Closed Bjarke42 closed 8 months ago
The new volume should also be used in the other environments development
and development_gpd
looks good to me!
The read_only: true
could even be removed I guess
Thanks for the contribution.
I wonder if it would make sense to integrate a generic overrides
method here in docker-migrid
and to all use that ... @Bjarke42 ?
I'm asking because we currently use slightly modified docker-compose-X.yml
files linked from the docker-migrid-ucphhpc
repo for our own minor adjustments for our sites e.g. to allow podman use, and already had vgrid volume adjustments overlapping with this PR there.
Thanks for the contribution. I wonder if it would make sense to integrate a generic
overrides
method here indocker-migrid
and to all use that ... @Bjarke42 ? I'm asking because we currently use slightly modifieddocker-compose-X.yml
files linked from thedocker-migrid-ucphhpc
repo for our own minor adjustments for our sites e.g. to allow podman use, and already had vgrid volume adjustments overlapping with this PR there.
this is the docker-compose.override vi currently use: docker-compose.override.au.yml.j2 Its a nice way of not having too many instances of the same thing, but just as you are talking about having one docker-compose. But i do not know your requirements, so if you only change stuff in the already existing parameters, then you could benefint from it alot
For the record, this PR broke the Test CI as you can see here: https://github.com/ucphhpc/docker-migrid/actions/runs/8345752910/job/22841385858?pr=45#step:6:35
I cannot see though why it was not run for this PR. I open a Issue for that.
I can confirm that using the docker-compose_production.yml
from the merged revision 9e5d09dfd67749f6470386f615341bad647901be breaks docker-compose up
on my dev erda instance with the same error as the CI builder reported in the link @benibr posted above:
Creating migrid ... error
ERROR: for migrid Cannot create container for service migrid: failed to mount local volume: mount ./state/vgrid_files_writable:/var/lib/docker/volumes/docker-migrid-erda_vgrid_files_readonly/_data, flags: 0x1000, data: ro: no such file or directory
...
It runs fine using the previous reversion b79a88238ab52d1212487e1a86a4bb134968cf7f of that same compose file.
The initial crash could be removed by removing the space in the volume mount options and switching to the new docker compose
as the default compose command rather than the old docker-compose
.
Even then we kept hitting random mount errors e.g. in the Github Actions CI job for such nested volume remounts.

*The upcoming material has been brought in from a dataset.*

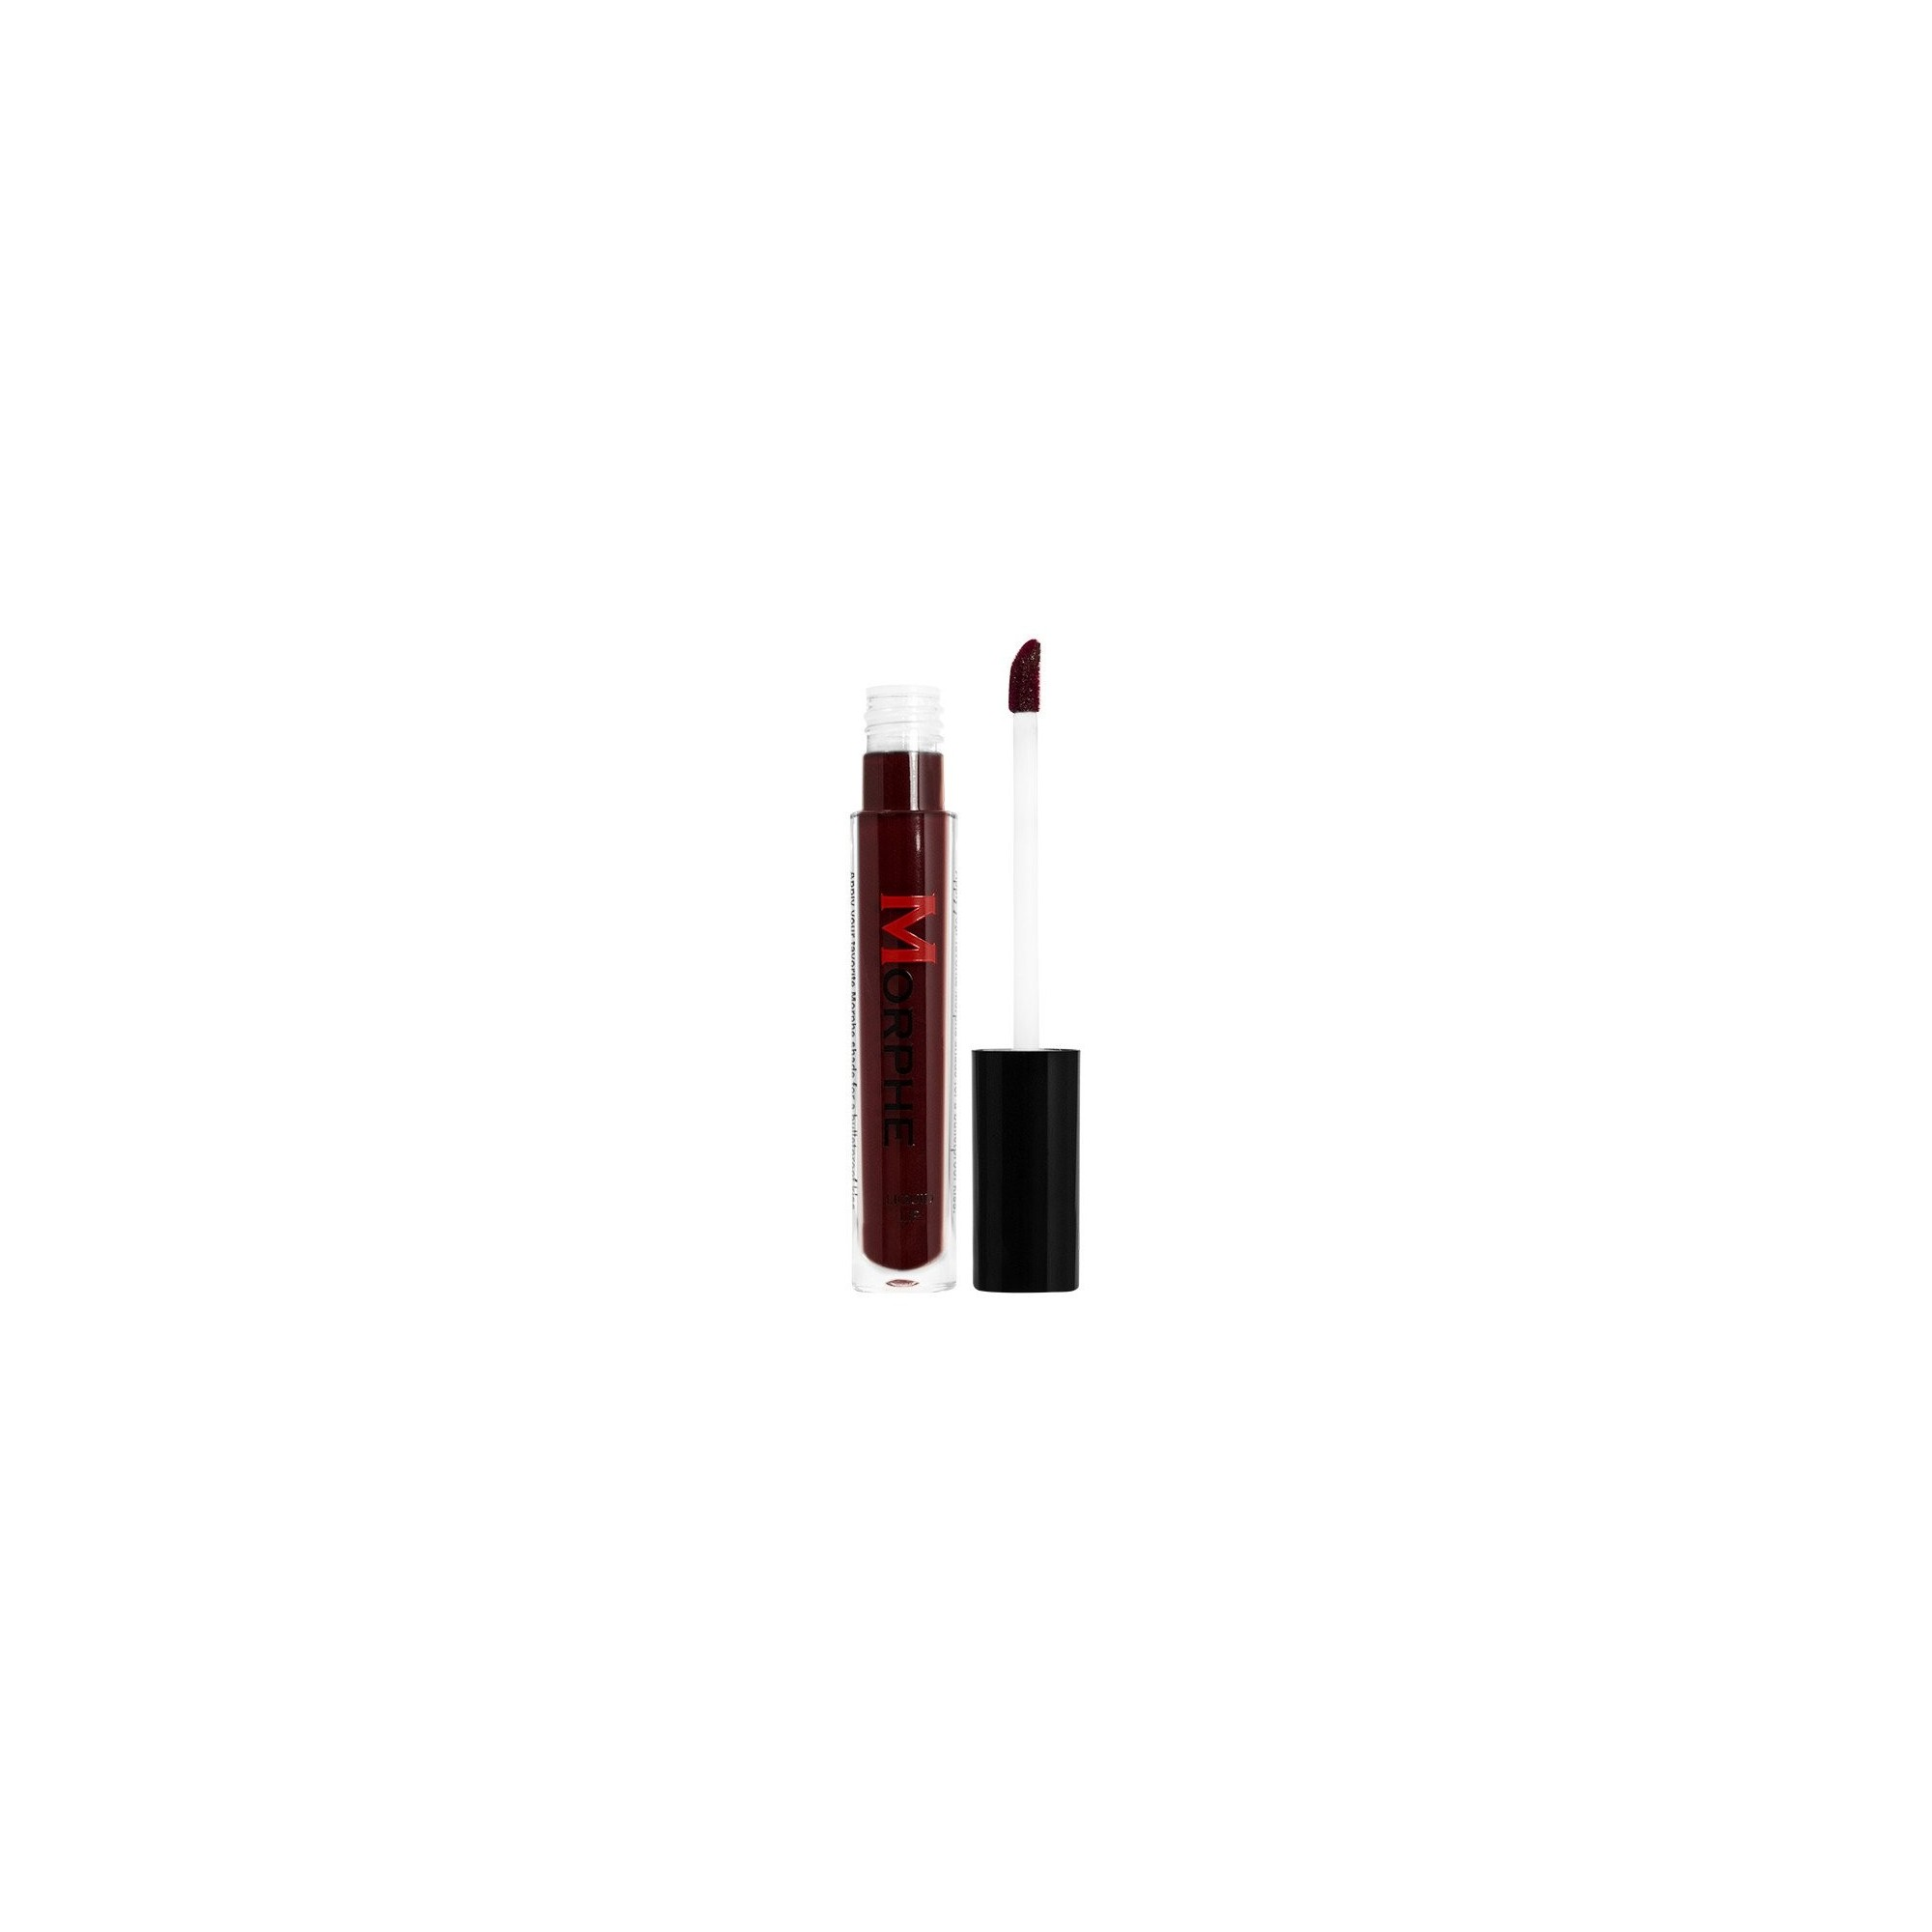 Morphe Liquid Lipstick Bloodshot

This looks like a potential race in docker itself as @benibr reported upstream in https://github.com/docker/compose/issues/11663
Still, AFAICT there is no point at all in having this vgrid_files_readonly
bind mount as a full-blown docker top-level volume as we just need a live read-only copy of the vgrid_files_writable
dir. The same applies for the mig_system_run
shared cache space referenced in issue #40. I understood from PR 43 that it was changed into top-level volumes for easing docker-compose overrides at AU, which sounds valid enough. So I've reworked them into plain bind mounts but tried to provide similar flexibility with env variables to allow overriding the actual source path and using the long format to hopefully ease any remaining templating needs.
The result is now available in the docker-compose_production_bind.yml
file and I'd like your feedback @Bjarke42 and Anders. Will that or can that be made to work with your site setup?
It finally brings consistency back in the build everywhere else so I'd really like to have it replace docker-compose_production.yml
.
@jonasbardino can you please add a PR for this so that we can see the diff and have a discussion there?
Please do not commit testing configs to the master branch. We have so many unused config files in Migrid and it just makes things confusing. Also it's very complicated to make a test deployment when you have to change a file somewhere in the middle of it. Use git branches plz :-)
@jonasbardino yes, please continue this in a new PR. Its alot easier for us to see the diff and then relate to what you changed.
You're probably right that it would have been better to either make this as a branch in the first place or to initiate a full revert of this PR with a follow-up retry if needed. Either would introduce breakage or extra work somewhere. As you know it developed in several steps during that bug hunt, because Github Actions are tricky to simulate/debug and I was hoping we could quickly resolve the matter and just replace the existing production conf. In hindsight that was maybe too optimistic, since we all have other urgent matters to tend to.
Anyway, I've made a PR #55 to do what I intend to do. Namely, replace the current docker-compose_production.yml
with the proposed new docker-compose_production_bind.yml
. Please have a look and perhaps review to confirm or raise any remaining issues with it.
I hope it makes it easier, although I'm not really sure it is less pain to test from a branch instead... I'll let you decide on that :-)
The way the vgrid_files_readonly was implemented does not honor the way we use docker-compose.override in ansibl-docker-migrid, so now i have changed it so i can override the mountpoint correctly.